Bah, gonna miss the edit window. Anyway, as for why it comes up later, it’s probably because you’re somehow accessing it in a round-about way, it just doesn’t seem like there’s any direct correlation. For instance, using the same sort of actor scenario, you were looking for a guy with a B name in movie X and Y, but you don’t find it. Later, you see a commercial for beer that has a scene in a bar, and one of those movies, or maybe even a completely different one, has a scene that you connected him to a bar and it comes back up and you make the initial connection. You may or may not even be aware of that alternate connection, but that’s one way.
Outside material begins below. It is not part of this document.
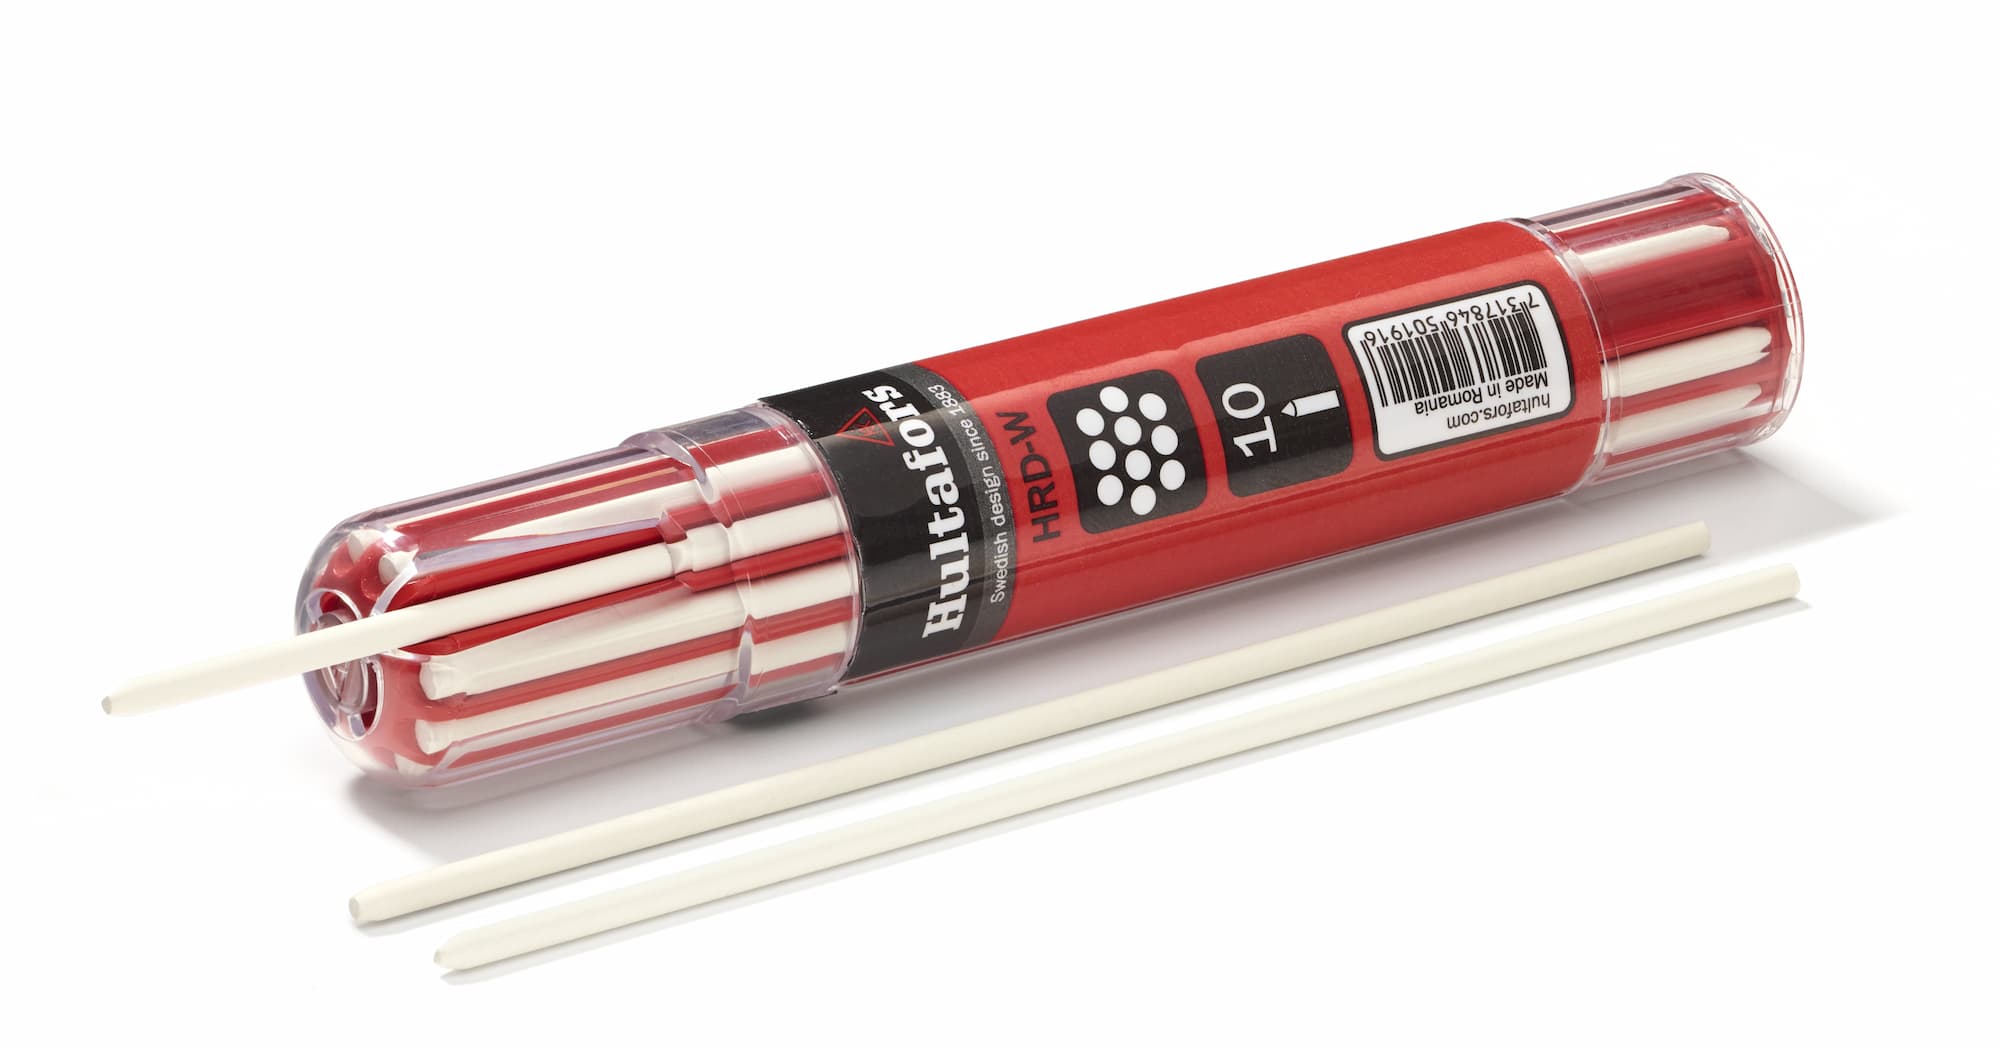 Hultafors Dry Marker Pencil Refills

I suppose it’s also possible that you somehow “keep looking” in the background and maybe come onto it once you’ve had time to process it more, but it’s sort of hard to tell whether it was just further searching or some alternate connection, so I have no idea which one is actually more how it works without a neurologist checks in; this is more from an AI perspective of how we programatically achieve the same sort of thing.

In my mind, that seems to be true, because this is almost always how that “Oh, yes, that’s what it was” feeling happens for me. I’ll manage to recall something associated with the forgotten thing, and bing! the connection gets made and suddenly I can remember the name, title, color, date, or whatever it was I was trying to.